KBS-LTER was established in 1988 to study the ecology of intensively managed field crops and ecological processes occurring in the surrounding landscape . The experiments use a randomized complete block design with six replications. The field experiments include annual cropping systems under four treatments with varying management intensity, perennial cropping systems and unmanaged ecosystems. Each of the experiments has six 1-ha replicates . Two weather stations are present at the experimental site. In this study, we analyzed the annual maize-soybean-wheat rotation systems under conventional tillage and no-till treatments. The conventional treatment represents typical farming practices in the region with conventional tillage (chisel plow within 10 days before planting), fertilization and herbicide applications. The average nitrogen fertilizer application rate in 1989–2016 was 156 kg/ha for maize and 86 kg/ha for wheat. Soybeans are not fertilized. The no-till treatment has the same level of chemical input, but it is under No-till since 1989. For both treatments, maize is seeded in early-to-mid May, soybean is seeded in late May to early June, and wheat is seeded in fall after soybean are harvested. Maize and soybean are harvested in the early fall and wheat is harvested in July.

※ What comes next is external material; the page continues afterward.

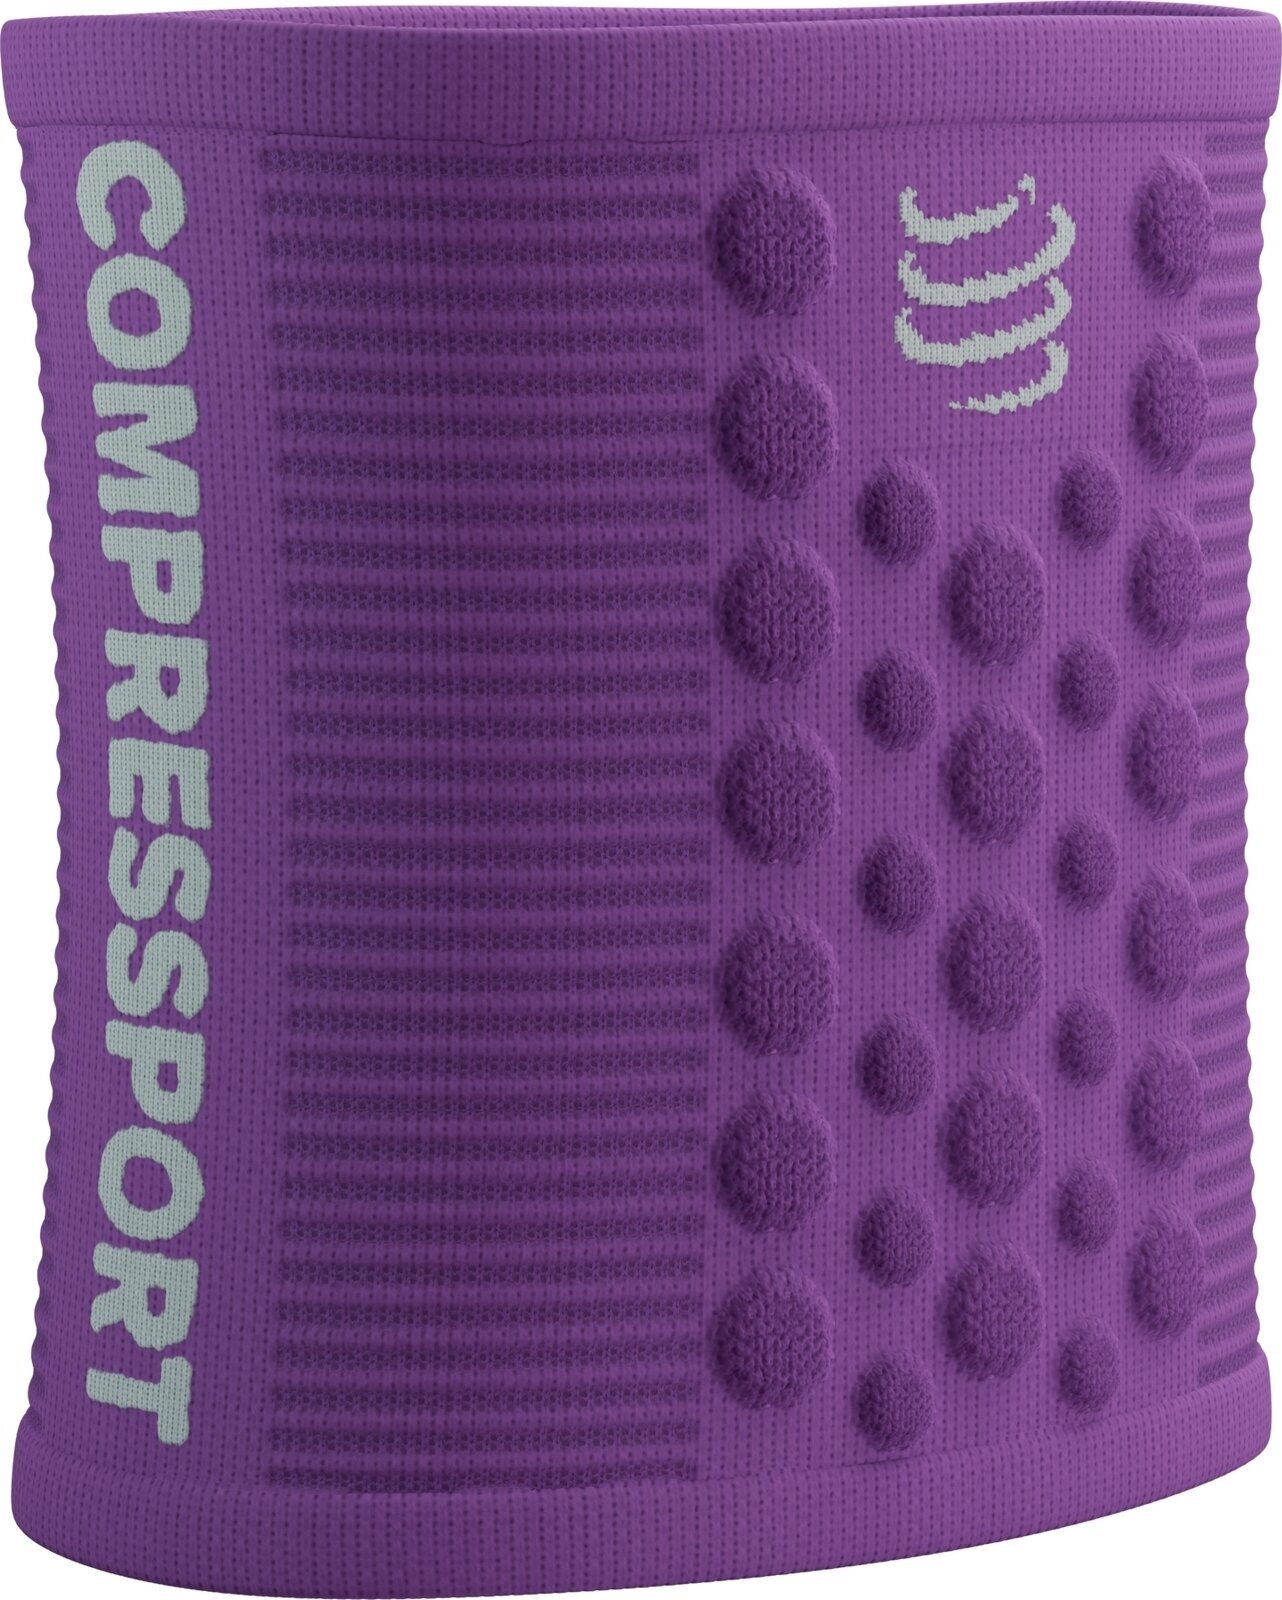 Bežecké návleky na ruky Compressport Sweatbands 3D.Dots Royal Lilac/White UNI Bežecké návleky na ruky

2.2 Overview of the crop simulation model and model validation
2.2.1 Overview of the SALUS model.
In this study, we used the System Approach for Land Use Sustainability (SALUS) model, a process-based crop model designed to simulate the crop-soil-climate-management interactions at a daily time-step intervals [36, 27, 37]. SALUS derives from the CERES model  with major differences in the algorithms simulating the carbon, nitrogen and phosphorus cycles, water balance, tillage, kernel number and weight determination. Unlike the CERES model simulation of a single crop cycle, the SALUS model simulates rotational cropping systems continuously for multiple years. The SALUS model uses daily weather (minimum and maximum temperature, precipitation, and solar radiation), soil layer information (e.g. layer depth, drained upper limit, lower limit, bulk density and organic carbon), management information (e.g. planting date, fertilizer type and rate, and harvesting date), and genotype characteristics to simulate crop growth and development, nutrient cycle and water balance. The model consists of three interconnected modules: the crop module, the nutrient cycle module and the water balance module [27, 36].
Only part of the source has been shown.